Зачем в дни Рождественского поста мы говорим обо всём этом? Затем, чтобы постовые дни не прошли для нас даром, чтобы это не была втуне прожитая жизнь. Чтобы труд поста был для нас ступенькой нашего возрождения. К этому и Церковь сегодня, прославляя всех праотцев, в послании апостола дает нам наставление: Братья, егда Христос явится живот ваш, тогда и вы с Ним явитеся в славе. Когда Христос явится в вас, в вашей жизни, тогда и вы с Ним явитесь в славе. Но для этого, говорит, умертвите убо уды ваша, яже на земли. Т. е. то, чем вы сейчас живы и полагаете, что это жизнь, говорит, умертвите. Что умертвить? Уды, которые требуют умертвления — это всякая потребность услаждаться. Умертвите, говорит, уды услаждения своего, которые в земной жизни есть страсть. Какая же? Блуд, нечистота, страсть, похоть злая, лихоимство — всё это есть идолослужение.

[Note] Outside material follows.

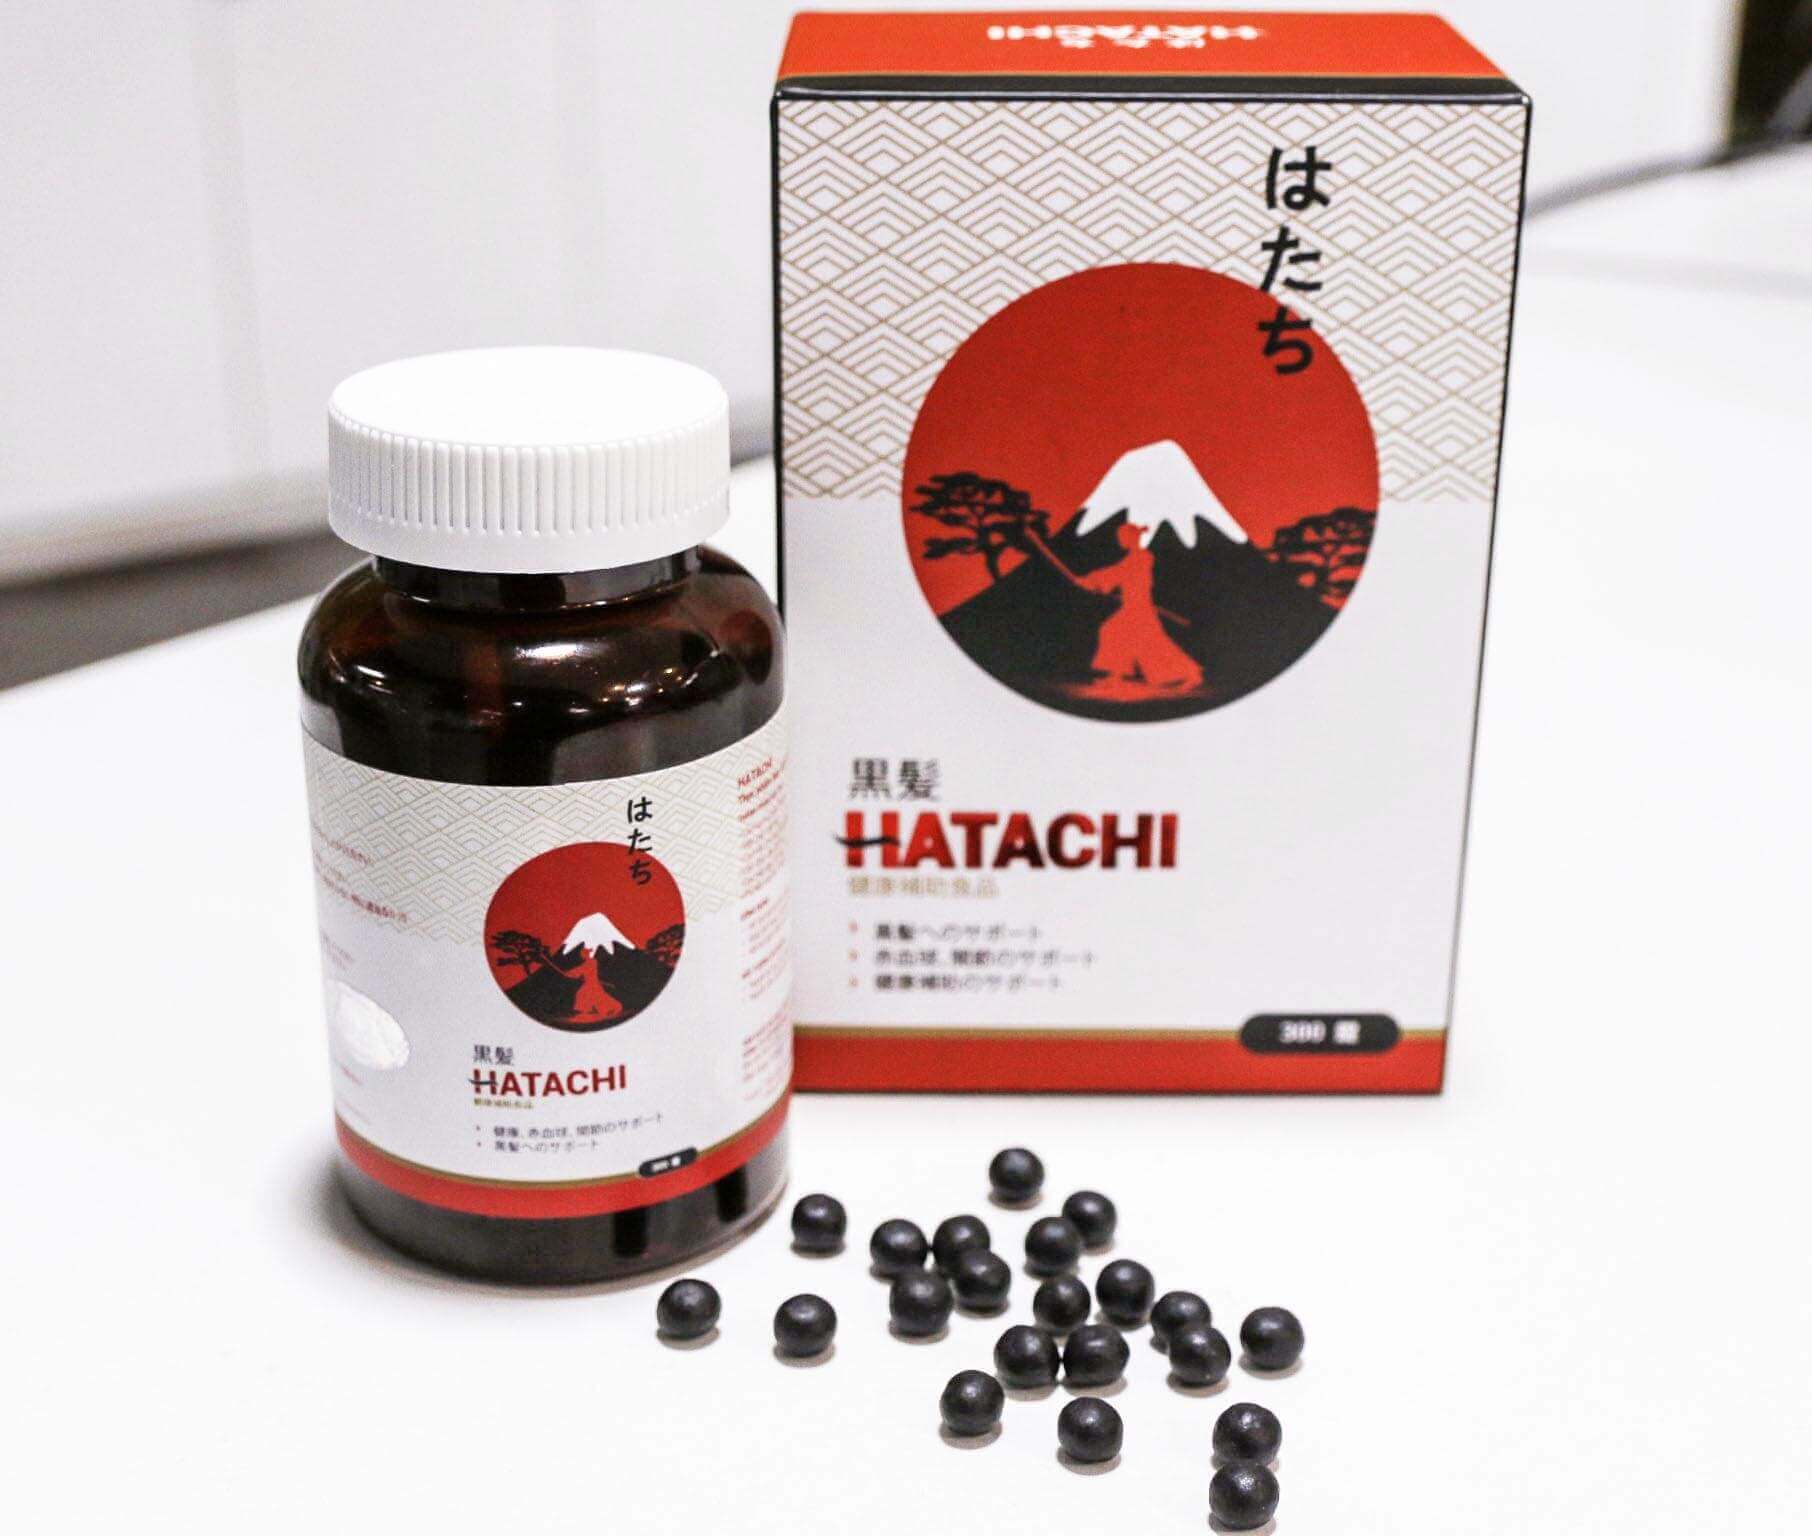 hatachi-giá-bao-nhiêu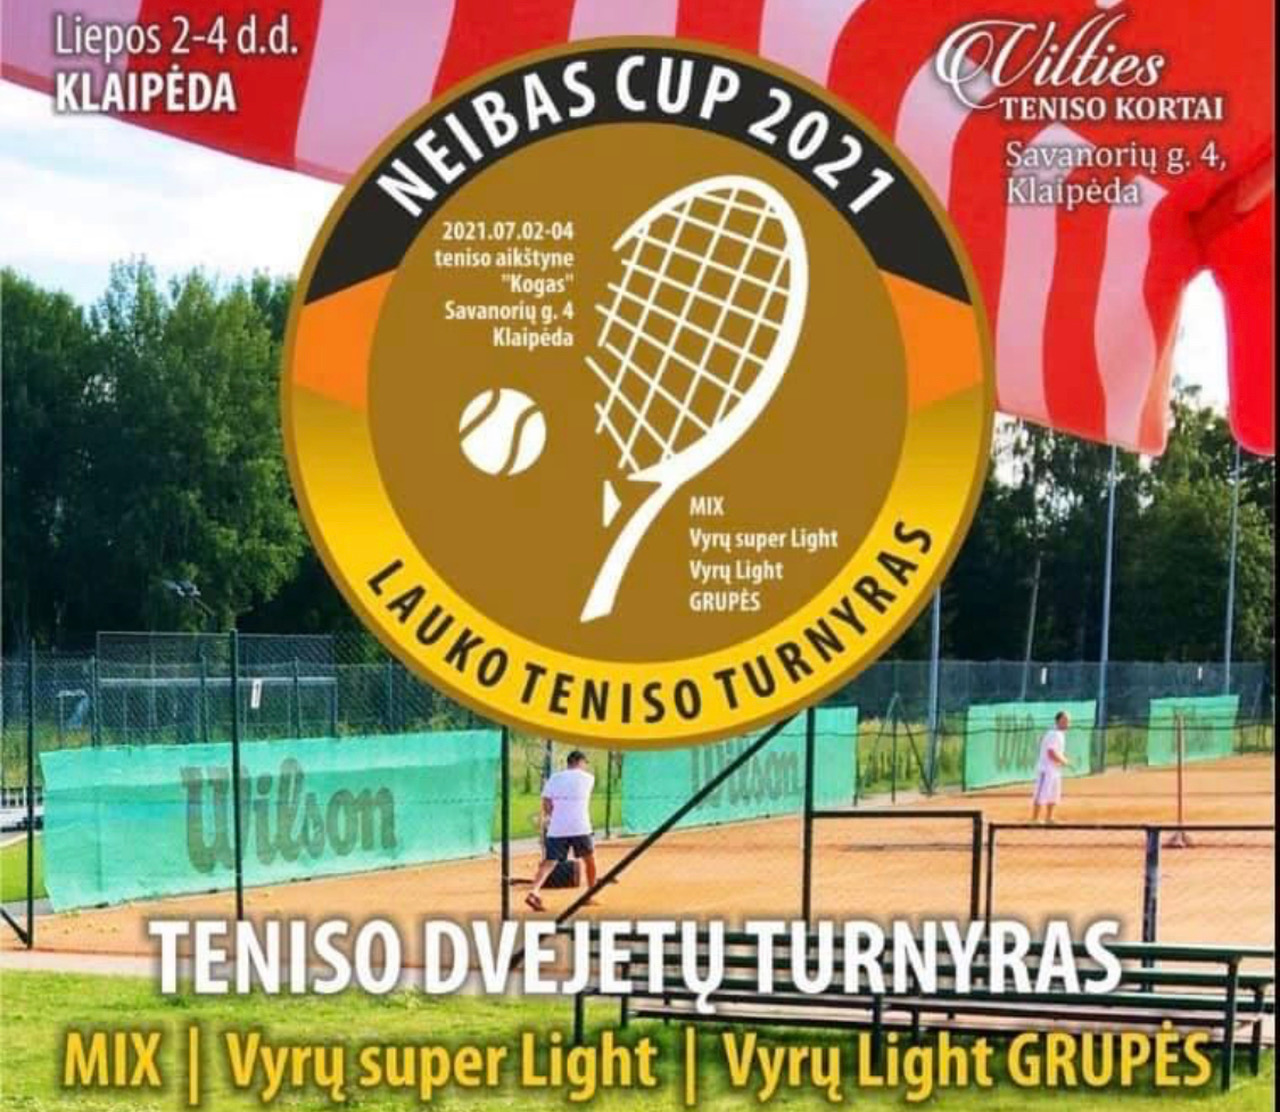 Teniso dvejetų turnyras NEIBAS CUP 2021 taurei laimėti

Что есть идолослужение? Мы знаем, что по языческим обычаям это принесение почестей властелинам, от которых язычники ставят в зависимость свою жизнь. чтобы после принесения почестей иметь в своей жизни дополнительные богатства и услады. И язычник по-другому жить не может. Он приносит свои приношения идолам как хозяевам своей жизни и полагает, что получит устроение своей земной жизни, т. е. жизнь себе в удовольствие, в свою усладу, в известность и превосходство. Апостол Павел обращается к нам с вами как верующим людям. Для язычников это слово безполезно: они его вообще не услышат и не поймут. Церковь, когда поставляет это слово в сегодняшний день, день памяти праотец, тем самым приготавливает нас к Рождеству Христову. Ясно, что это слово обращено к верующим людям.

Значит, говоря об идолослужении, он говорит не о языческих идолах, он говорит о том, что мы для самих себя идолами делаем. Поэтому, говорит, если мы служим блуду, нечистоте, любой страсти, похоти злой, лихоиманию, то всё это есть идолослужение. Т. е. это желание такой жизни и поэтому обращение к хозяевам этой жизни и в итоге получение этой жизни.

Что же такое есть желание жизни? Это желание появляется от недостатка того, что мы воспринимаем как жизнь. Обращение к хозяевам этой жизни — к бесам, которые стоят за каждой страстью, разжигают ее. Что же такое, в итоге, получение жизни? Разжжение этой страсти и удовольствие от нее.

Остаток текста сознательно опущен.